Dr. Habeck said he believes for now the threat remains somewhat hypothetical. “The study in NEJM enjoyed the best possible matching conditions: It was a relatively small set of high-quality photographic reference images with confirmed identity links that the reconstructed facial image had to be compared to with a matching score. For a rogue actor to apply this to the internet in general, the hurdles would be considerably higher—an infinite set of images for comparison with questionable identity links and possibly poor photographic quality.”
But Dr. Habeck emphasized that the NEJM experiment has demonstrated proof of concept, and there is no room for complacency.
Dr. Schwarz told Neurology Today that he and colleagues at Mayo are working to develop technology that could more efficiently disguise MRI images without losing image quality. In the meantime, researchers and research institutions should be aware of the potential risk and communicate it to potential study subjects.
Research participants should always be told that there is a risk of loss of privacy, and research study protocols will need to be modified to inform people of this new potential risk.” Dr.
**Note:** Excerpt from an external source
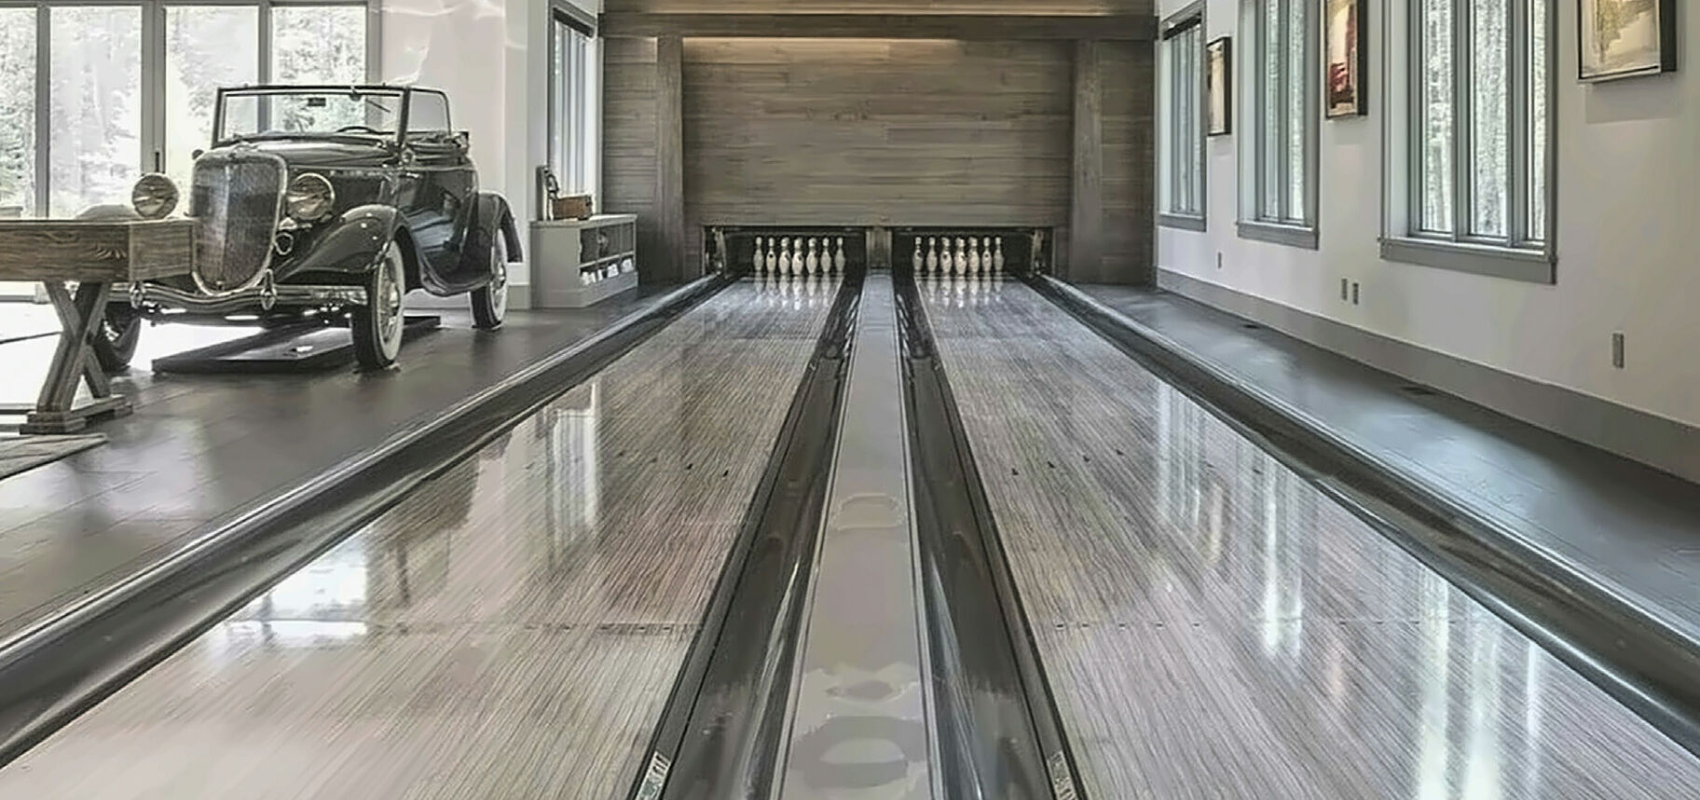 Bowling and gym? Simply at home.

Weiner said. “There are many safeguards in place to protect clinical and research data, but safeguards can always be overridden. Computer systems can be hacked, mistakes can be made by personnel that allow data to be identified. The availability of genetic data allows people to be identified, and we leave our genetic material on eating and drinking utensils every day. We are in an era where our privacy is not as secure as it once was.”
Dr. Schwarz had no competing interests.